With 4,000 passengers aboard, the Costa Concordia cruise liner ran aground off the coast of Italy. Thus far 21 people are missing and 11 are dead. This was a tragic accident, but perhaps it is evolving into something more than an isolated event of human error and physics -- it may also be another example of systems failure -- not in physical engineering, but in the complex, more delicate architecture that underpins public trust and confidence.
Social scientists have long been fascinated by trust, but in recent years its short supply has made everyone take notice. Gallup reports a long-running trend of nearly four decades of lost public confidence and trust in nearly all institutions from the branches of government, business, to organized religion. The evolving science of trust suggests that the public's and the media's penchant to generalize from discreet events to entire systems and the often lethargic response of both public and private leadership may be taking a toll on trust.
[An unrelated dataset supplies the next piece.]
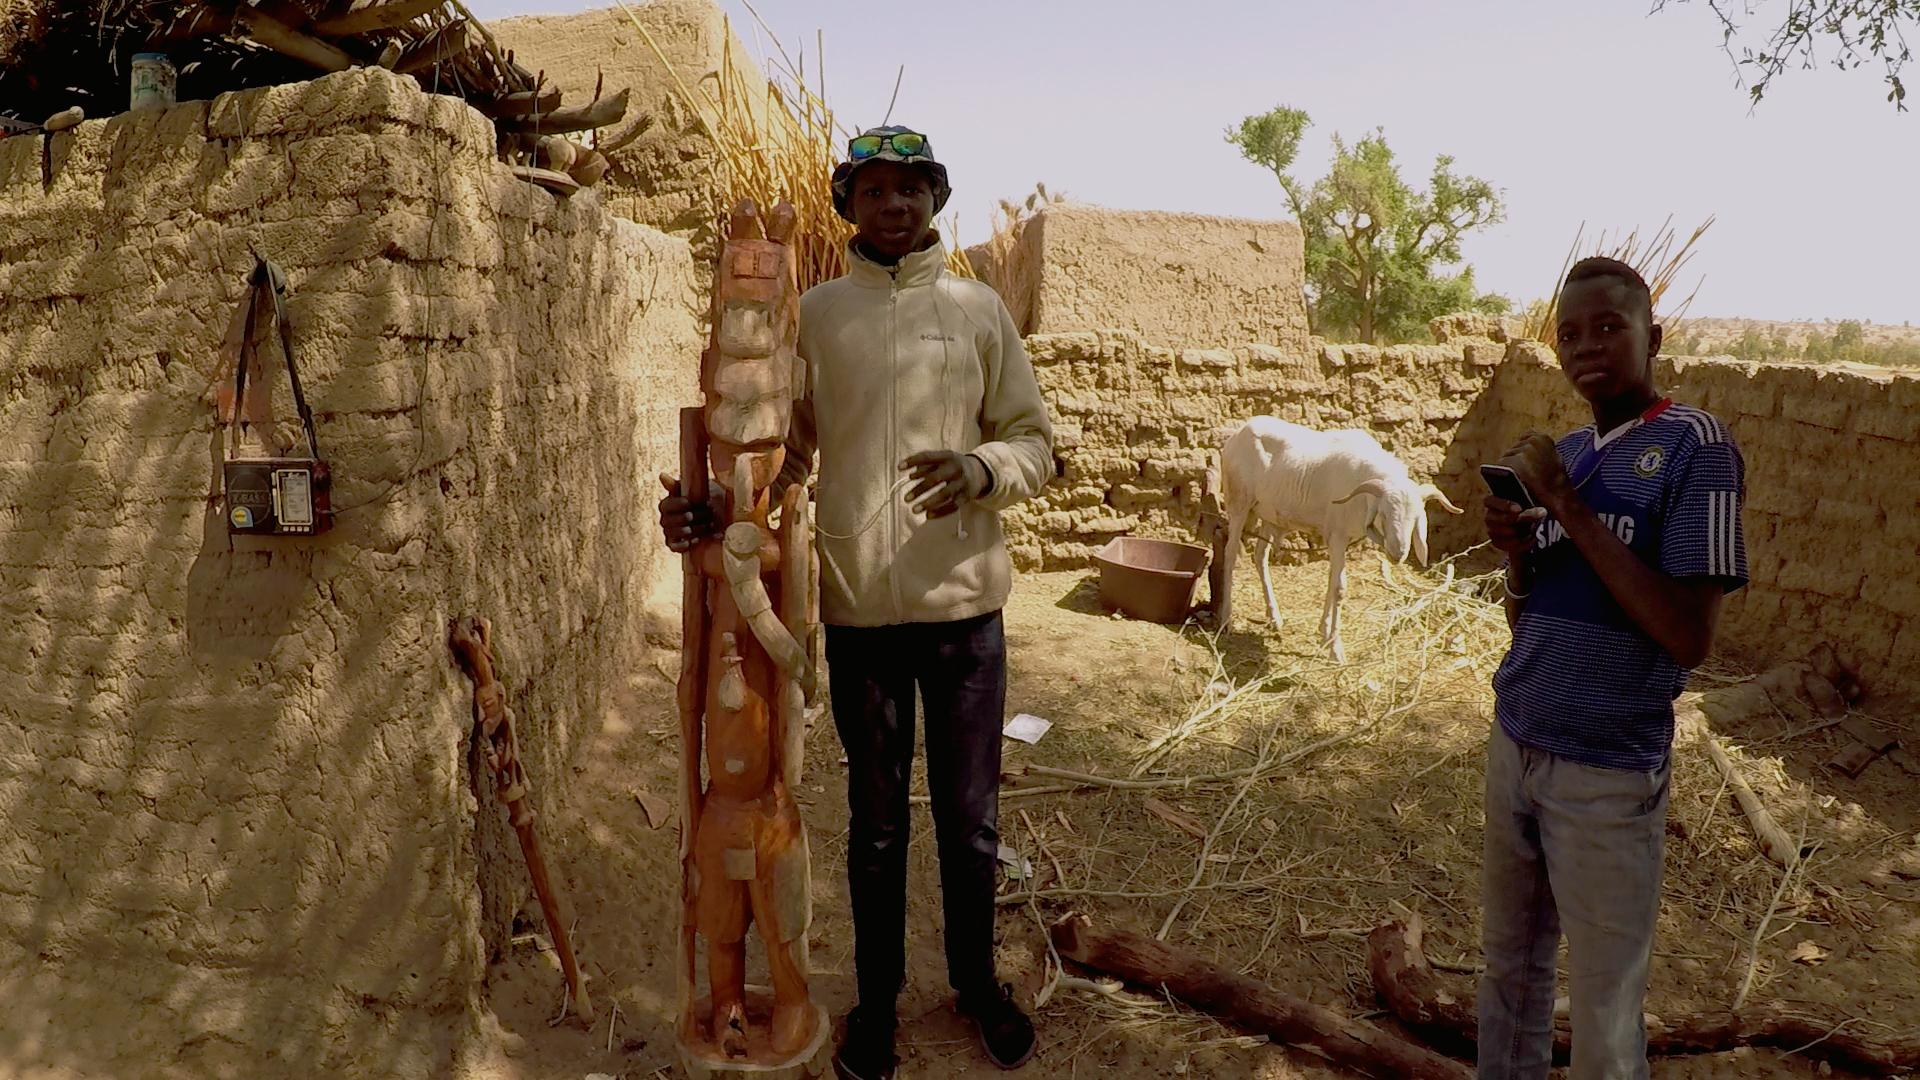 herrero dogon mali pablocaminante ebanistas - Malí 8, País Dogon V: moda, arte y religión

How tragic events are explained and portrayed affects far more than public interpretations of current events; they can shape how the public perceives an industry, government or an entire system. In addition to the lives lost and twisted steel are the damaged symbols and beliefs that are the foundations of public perception of how safe, well-managed, or trustworthy a system may actually be. Sinking trust affects far more than public opinion and water cooler chat. It is the fundamental glue that determines if companies can engage consumers; governments can enlist public support; if communities can garner the social capital necessary to build quality of life, not just a place to live; and, ultimately if we can trust each other.
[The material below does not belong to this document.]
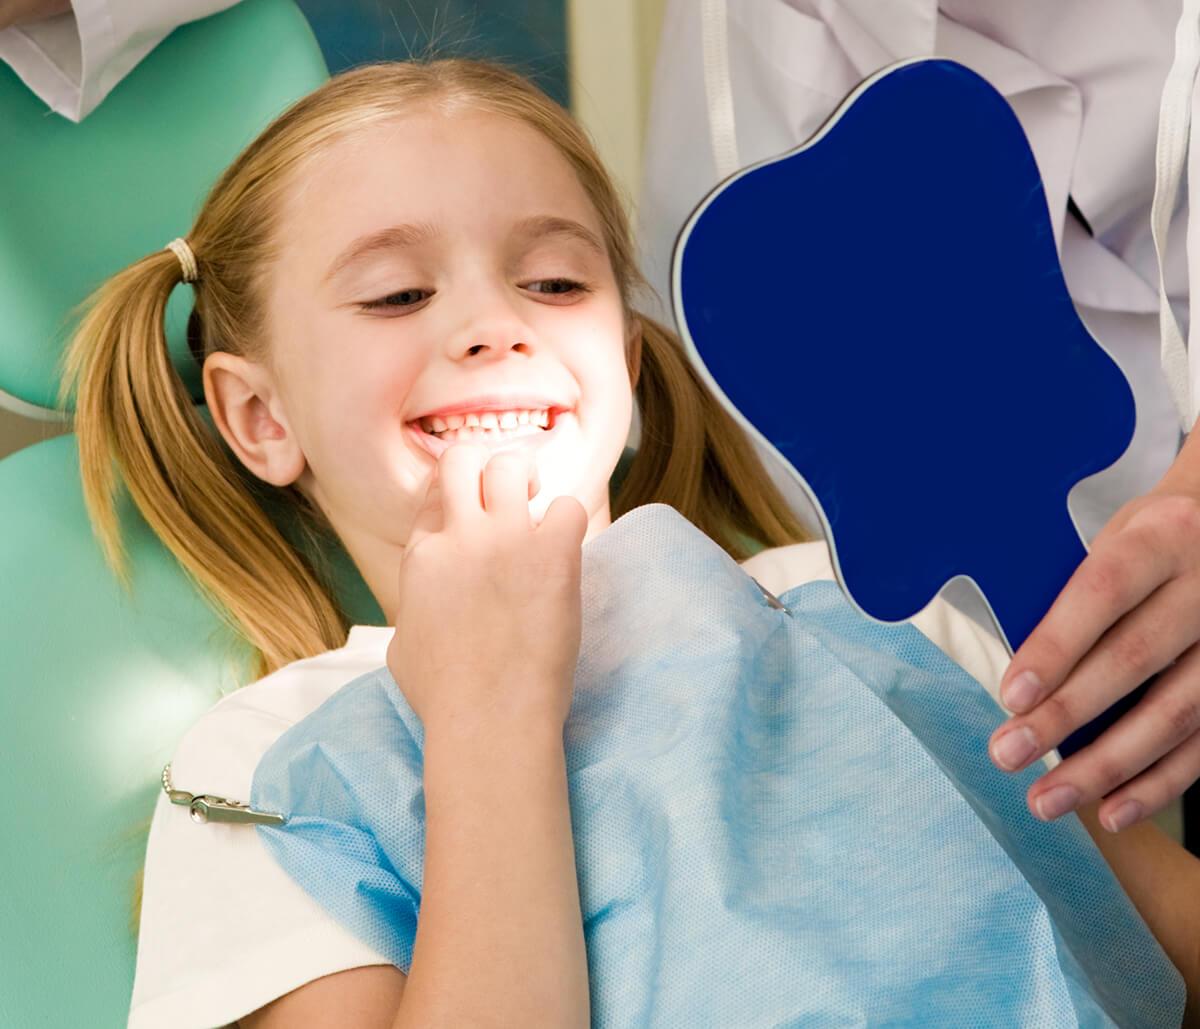 Kids Friendly Dentist in Fort Worth TX Area

Transportation accidents, such as airline crashes, are most often attributed to human error and weather. Black boxes (which are actually orange) give the next best available information in the absence of a surviving crew of 'what happened.' Typically the error is portrayed as tragic but human. After all, mistakes happen to the best of us. The Costa Concordia accident is giving the public good reason to question both the cause of the accident as well as the symbols and rules of safety at sea. As more is known about the Costa Concordia sinking, the captain may not only be at fault for a mistake but for leaving the ship before the passengers or crew were safely evacuated -- thus breaking the tradition or at least long-held popular belief that the 'captain goes down with the ship.' The reason so many stripes and gold adorn a captain's uniform, whether on ships or aircraft, is that the captain alone symbolizes to passengers and to the general public the expertise, control, command and ultimately the safety of the vessel. Instead, the Costa Concordia leaves us with an image of a captain that is more than delinquent in duty and unable to cope in crisis or worse.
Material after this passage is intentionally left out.